結局、梨々花さんは当間と別れることになったようだ。詳細はわからないが、河合さん曰く、とても面白いものを見せてもらったとのこと。彼女の別れ話の現場に立ち会ったそうだが、他人の別れ話を面白いものと言うのは、大変悪趣味な女性だ。まあ、私や大鷹さんたちに絡んでくるのだから、趣味がよいとは言えないだろう。
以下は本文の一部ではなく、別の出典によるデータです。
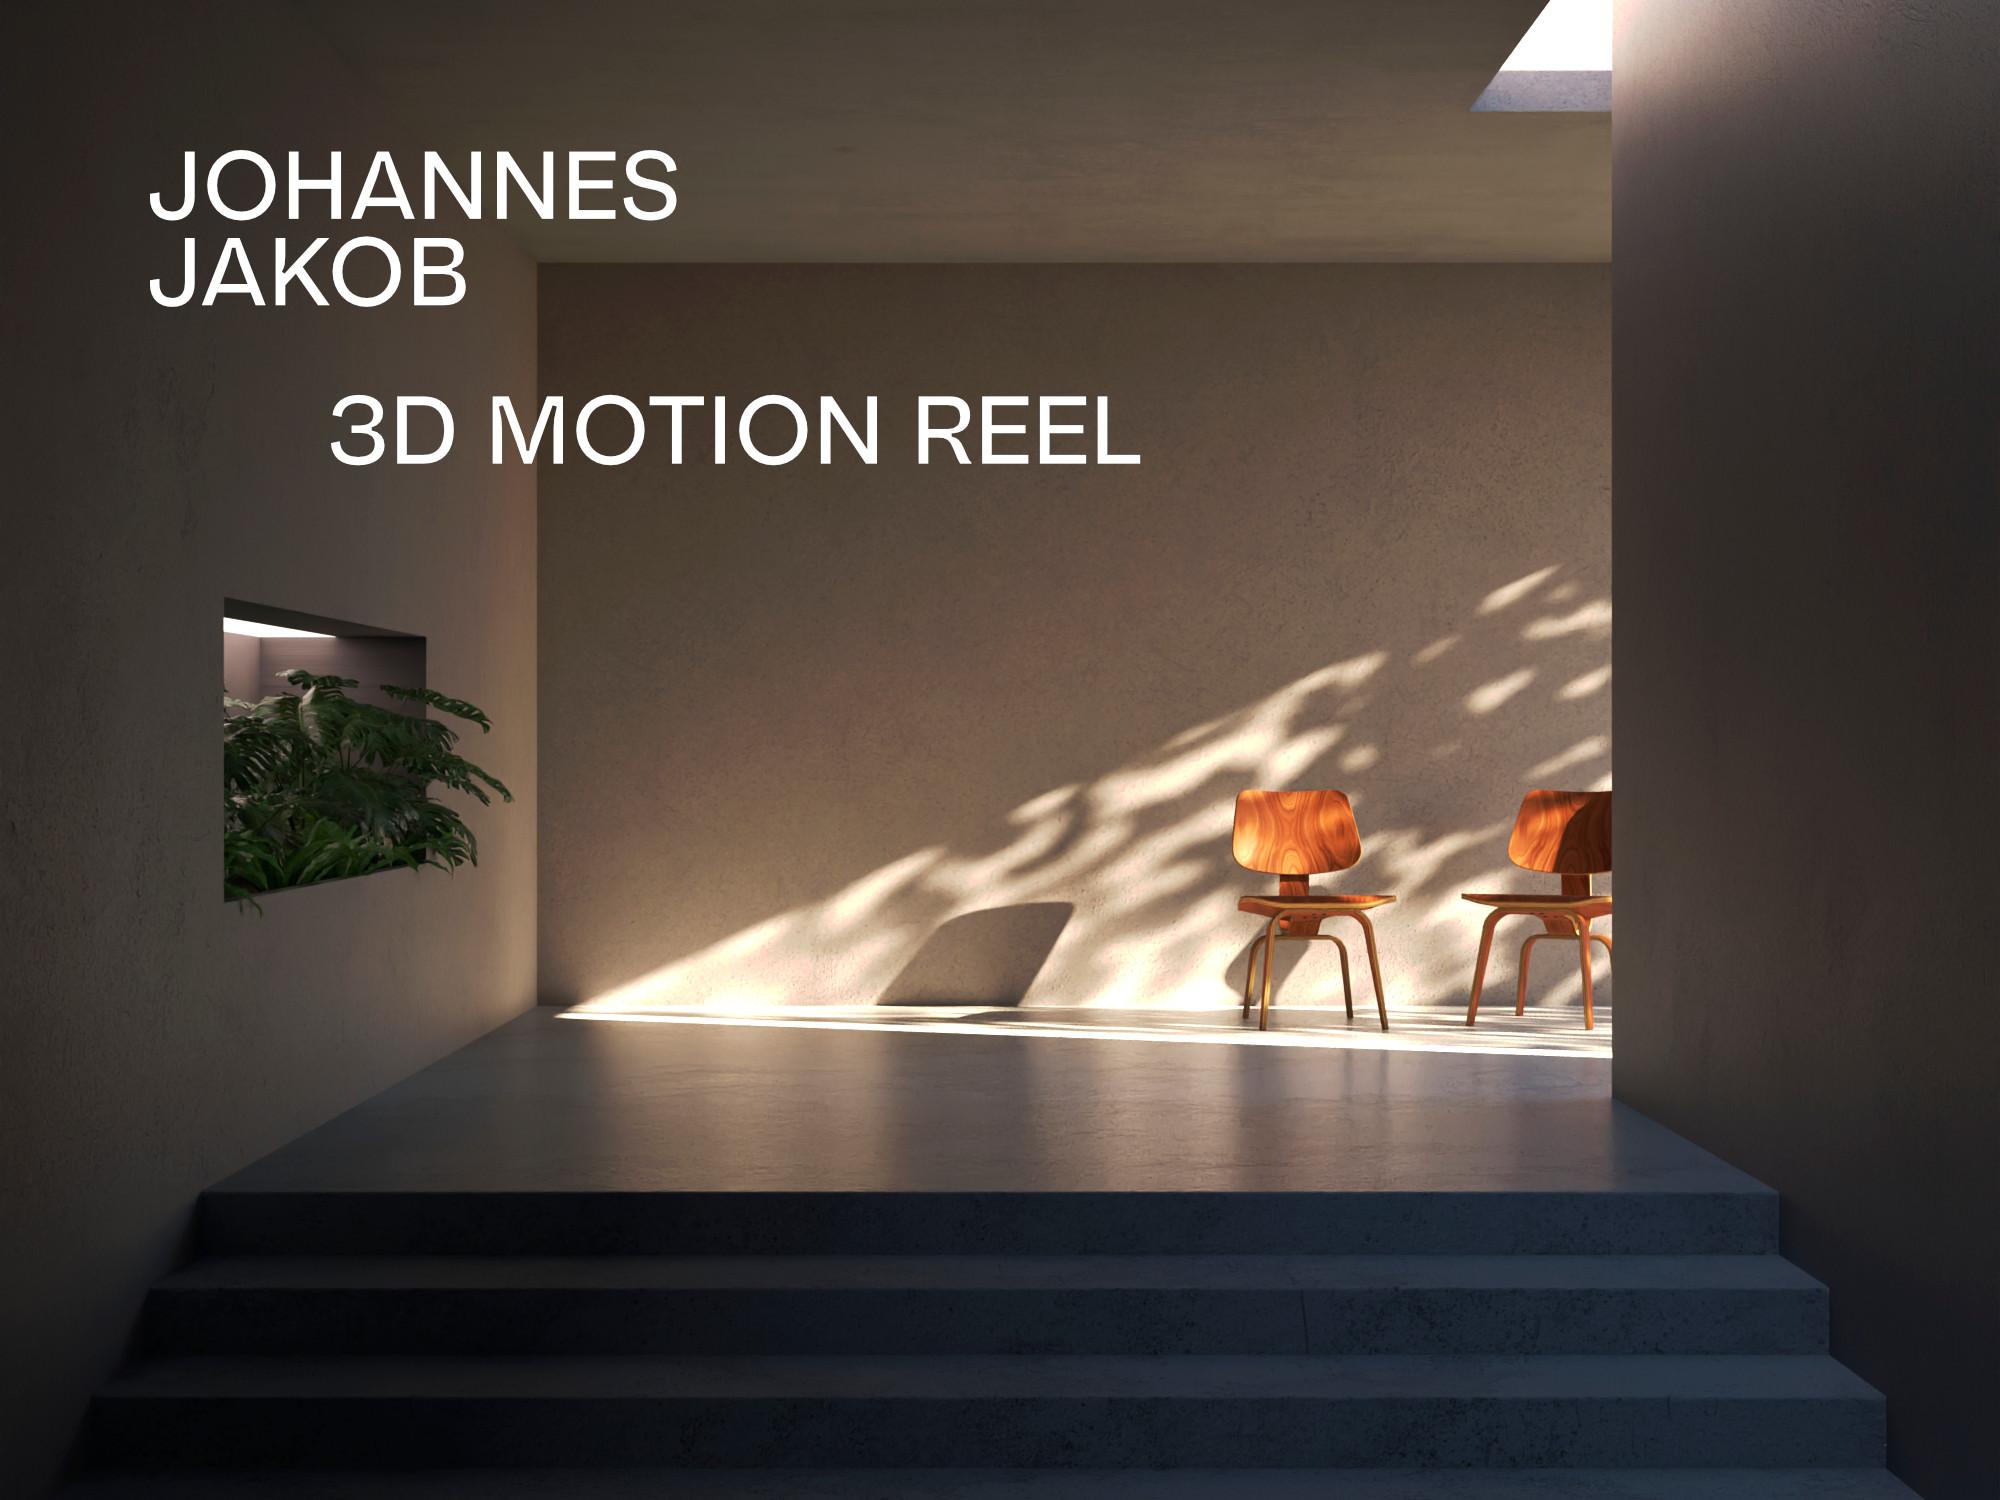 3D Motion Reel

「それで、新たなファンが増えたという訳ですか。しかし、紗々さんの同僚とは。世の中、狭いものですね。それで、話は変わるのですが、今回の新作で気になる点がありまして」
「どうぞ?何か誤字脱字でも見つかりましたか?一応、自分でも読み直して、変なところがないかはチェックしてから投稿しているのですが」
この前の、三人での恋愛にもつれる話は、登場人物の名前を決めて執筆を進めて、無事に投稿することができた。読者の反応も上々で、今のところマイナスのコメントは来ていない。そもそも、コメントなどほとんど来たことがないので、コメントが来たら、それがマイナス評価でもプラス評価でもどちらでも、まずは喜ぶべき事態となる。底辺作家などそんなものだ。
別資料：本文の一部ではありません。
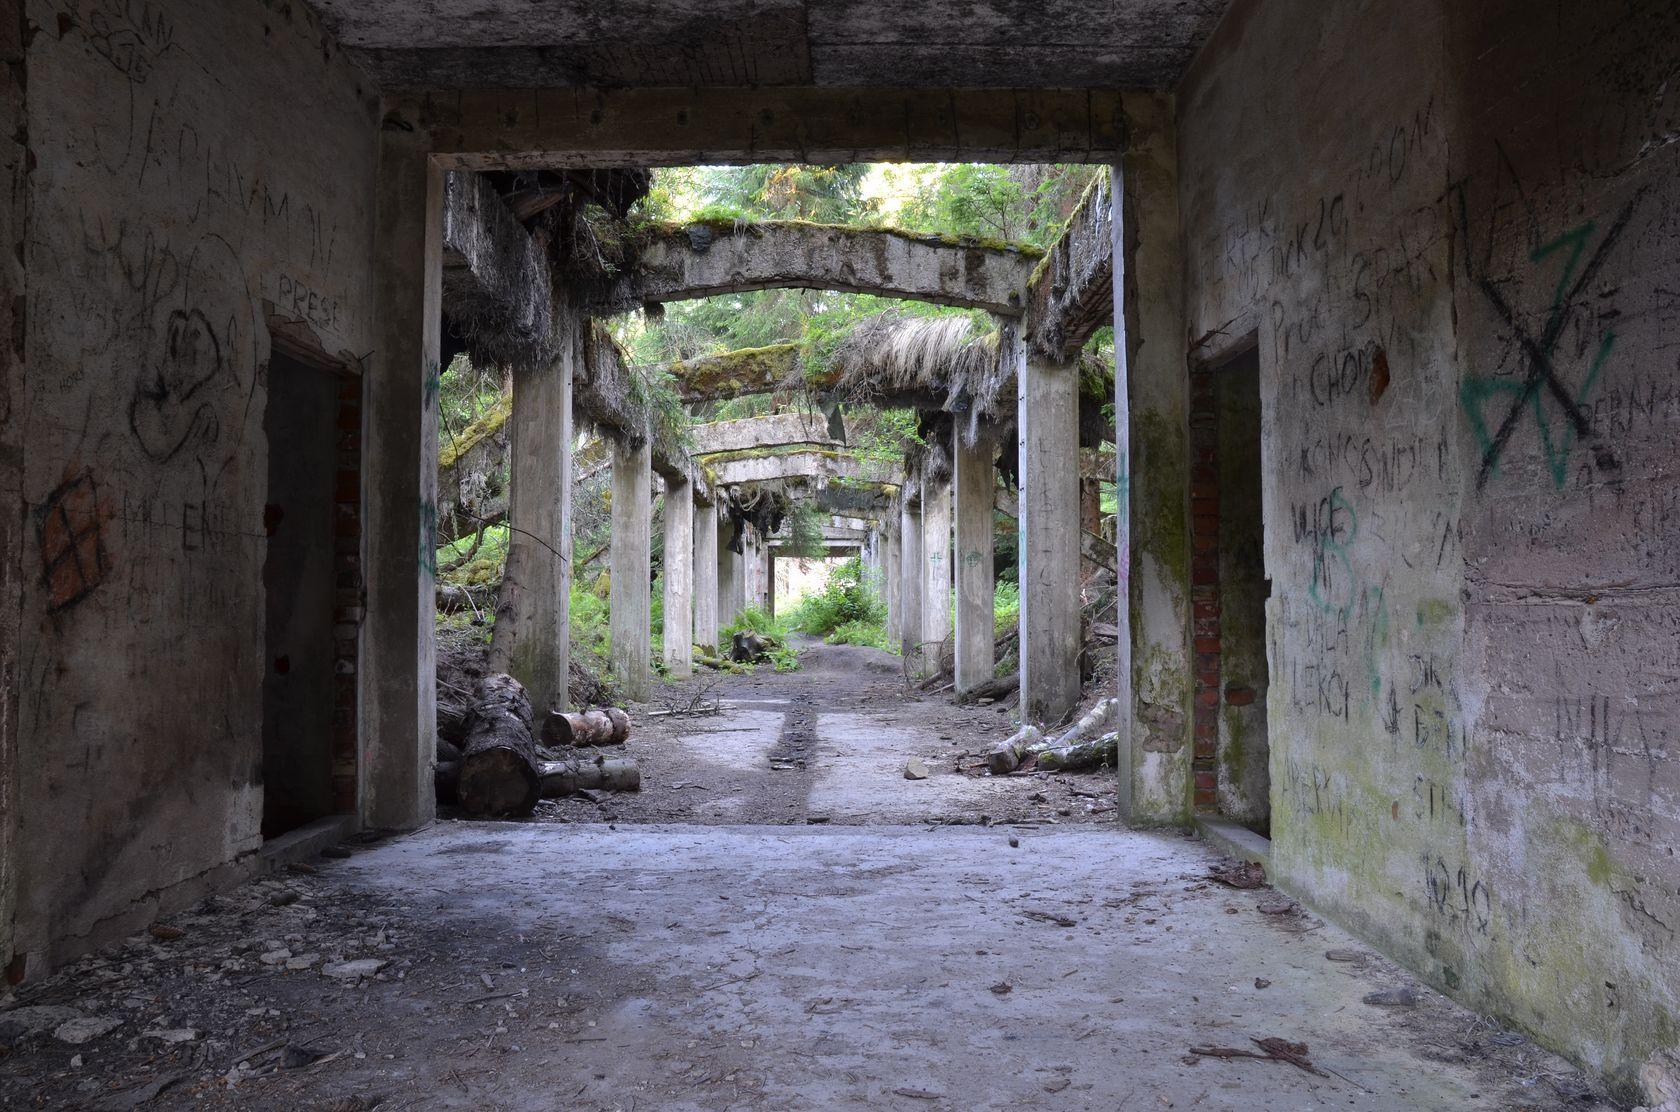 bývalý důl Rolava - Sauersack

「お話自体は大変、面白くてよかったと思います。恋愛の形も様々なので、世間では認められていなくても、本人たちがよければ、どんな形に落ち着こうが構いません。ただし……」
「ただし?」
おおむね高評価の感想だが、大鷹さんが途中で言葉を止める。ここからが本題の気になる点という事か。作者としては、まずは黙って聞くことが大切だろう。その上で、それにきちんと対応するのが正しい作者の在り方だ。
「まず、彼らの関係が非常に今の僕たちの関係に似ているということ。そして、物語では最終的に彼らは一緒に住むことになり、三人でのお付き合いが始まったということ。物語だと割り切ってはいますが、【先生】的には、現実でもこのような事を望まれているのでしょうか?」
「エエト……」
確かに新作では、私たちの事を元に小説を書かせてもらった。あくまで小説サイトに投稿したものはフィクションであり、現実とは一切関係がない。だからこそ、自由に妄想ができる。できるのだが、現実と重ねてしまう人も中には存在する。どうやって言い訳しようか考えている間に、大鷹さんの話しは続いていく。
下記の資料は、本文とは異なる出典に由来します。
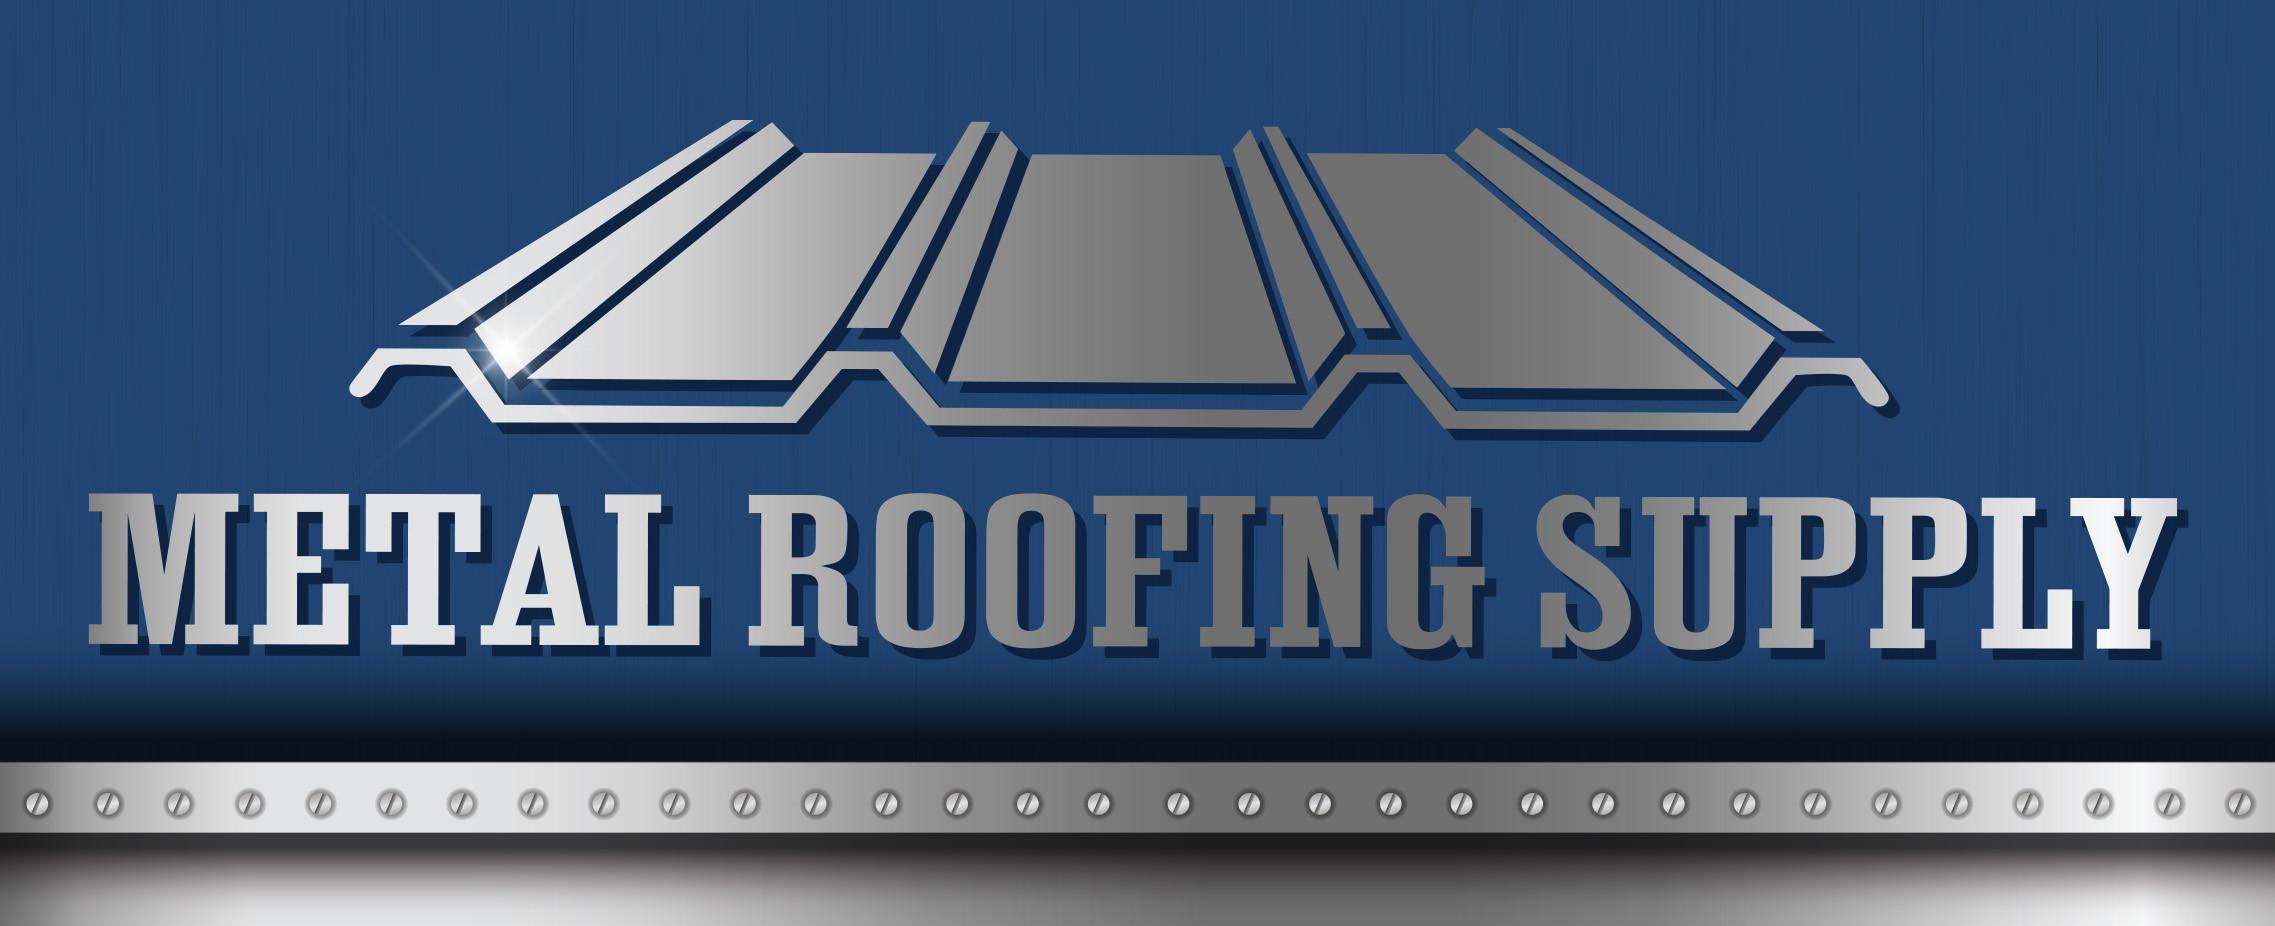 Metal Roofing Arkansas United States Metalroofingsupply Org

「もし、そのような妄想をご所望なら、こちらにも考えがあります」
「はあ」
別に私は今の私たちの関係に不満があるわけではない。大鷹さんとの仲も良好だし、河合さんだって、私が本当に嫌がることはしてこない。会社の同僚と夫がたまたま元恋人同士なことだけが特別であり、他は至って普通である。
妄想は妄想であり、各個人の頭の中で完結するのなら、どんなことでも考えればいいと思っている。それを現実に実行した人間が犯罪者として捕まるのだ。嫌いな人を妄想で殺しても、好きな人が二次元のキャラクターでそのキャラと妄想の中で恋愛をしたっていい。
「僕は絶対に河合江子と一緒に三人での生活はごめんです。そして、運が良いことに僕はとある人から恋愛相談を受けました。なので、その恋愛を全力で応援しようと思っています」
どんな考えかと覚悟して聞いていたが、中身は私の理解を越えたものだった。恋愛相談を受けていたとは知らなかったが、その恋愛を応援することで大鷹さんのメリットになることはなんとなく理解できた。
「それって、河合さんのことが好きだという人ですか?」
もし、河合さんに新たな恋人ができれば、大鷹さんの言う通り、小説のような三人で付き合うという、現実では荒唐無稽とも呼ばれる特殊な関係にならなくて済む。
「想像にお任せします。それで、その人からの伝言を預かっています」
大鷹さんはなぜかにっこりと微笑んでいた。その微笑みに既視感を覚える。どこかでみたような笑顔だった。
「私は【紗々の葉先生】のファンではありますが、先生個人としては苦手なタイプです。この先も先生とは気が合うことはないでしょう。しかし、まさか、あんな素晴らしい作品をお書きになる先生が私の身近にいたとは驚きです。そんな先生の素敵な旦那様が、私の恋を応援してくれるというので、とても心強いです。先生は今後も素晴らしい作品をたくさんお書きください。そして、どうか私の恋路の邪魔をしないでください」
「なんだか、その人の顔が思い浮かぶのですが……」
大鷹さんは伝言をもらった人の口調を真似て話してくれた。そして、それを聞いてとても嫌な予感がした。私がその人にとって苦手なタイプ、気が合わない、身近な人、ある特定の人物を言い当てるには充分な情報だ。
「結局、バレたということか……」
「まあ、【先生】にとっては、ファンが一人増えたので良かったのでは?」
「そういうことにします」
ファンが増えたのはいいが、そのファンが私にとって厄介な相手だったというのは、目を瞑ることにしよう。